Phenomenon described by Alan Turing explains anti-reflective insect eyes
In 1952, the legendary British mathematician and cryptographer Alan Turing proposed a model that assumes formation of complex patterns through chemical interaction of two diffusing reagents. Russian scientists managed to prove that the corneal surface nanopatterns in 23 insect orders completely fit into this model.
Their work is published in the Proceedings of the National Academy of Sciences.
The study was conducted by a team working in the Institute of Protein Research of the Russian Academy of Sciences, (Pushchino, Russia) and the Department of Entomology at the Faculty of Biology of the Lomonosov Moscow State University.
The initial goal of the study was to characterize the anti-reflective, three-dimensional nanopatterns covering insect eye cornea with respect to the taxonomy of studied insects and to get insight into their possible evolution path.

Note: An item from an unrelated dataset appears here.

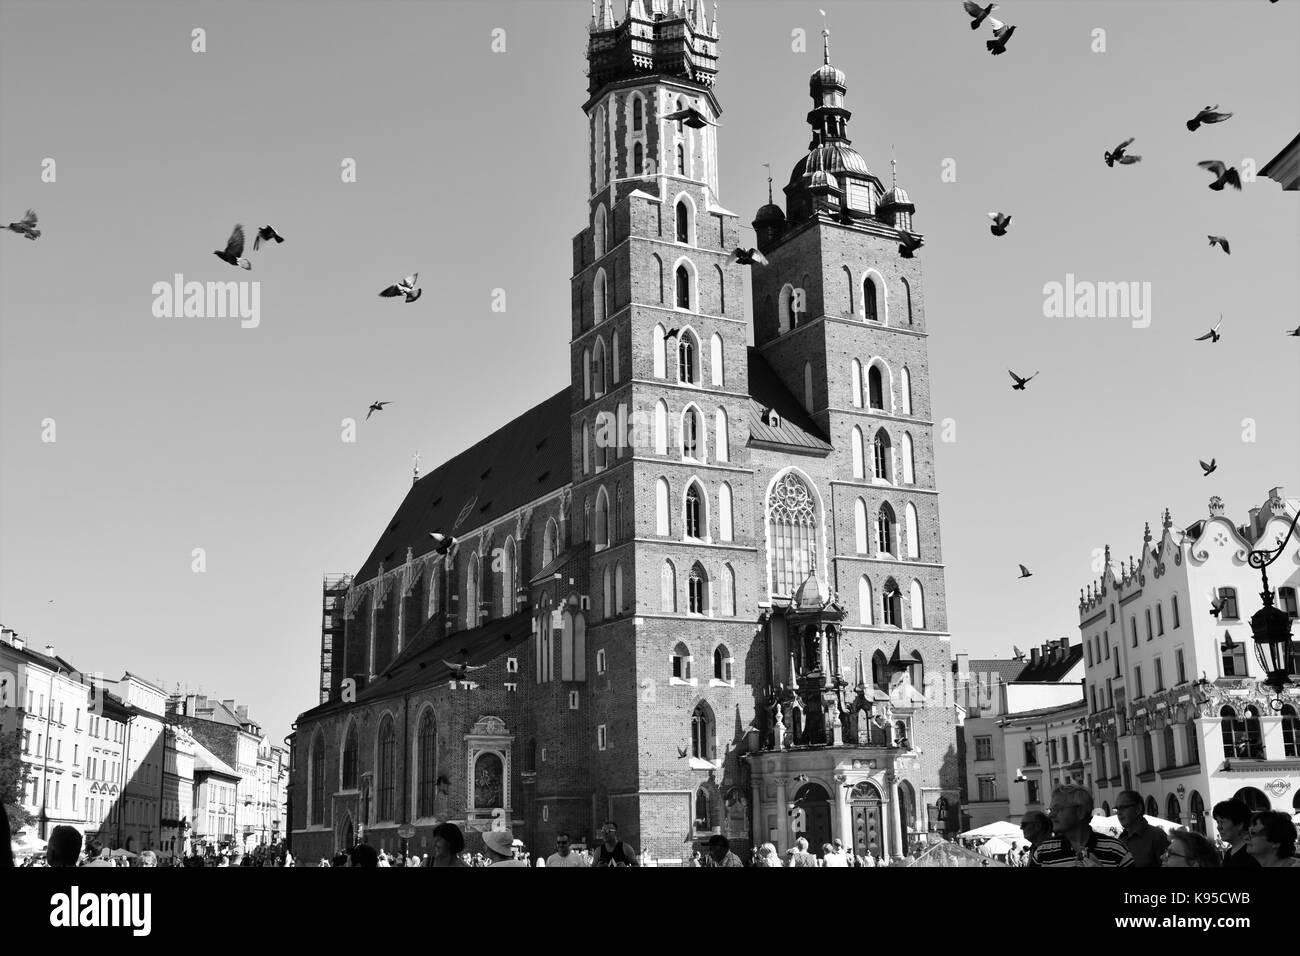 Krakow - Stock Image

The result was surprising, as the pattern morphology did not correlate with insect position on the evolutionary tree. Instead, Russian scientists have characterized four main morphological corneal nanopatterns, as well as transition forms between them, omnipresent among the insect class. Another finding was that all the possible forms of the patterns directly matched to the array of patterns predicted by the famous Turing reaction-diffusion model published in 1952, which the Russian scientists confirmed not just through mere observation, but by mathematical modeling, as well. The model assumes formation of complex patterns through chemical interaction of two diffusing reagents.
The analysis has been performed by means of atomic force microscopy with resolution up to single nanometers. "This method allowed us to drastically expand the previously available data, acquired through scanning electron microscopy; it also made it possible to characterize surface patterns directly, not based upon analysis of metal replicas. When possible, we always examined corneas belonging to distinct families of one order to get insight into intra-order pattern diversity," says researcher Artem Blagodatskiy.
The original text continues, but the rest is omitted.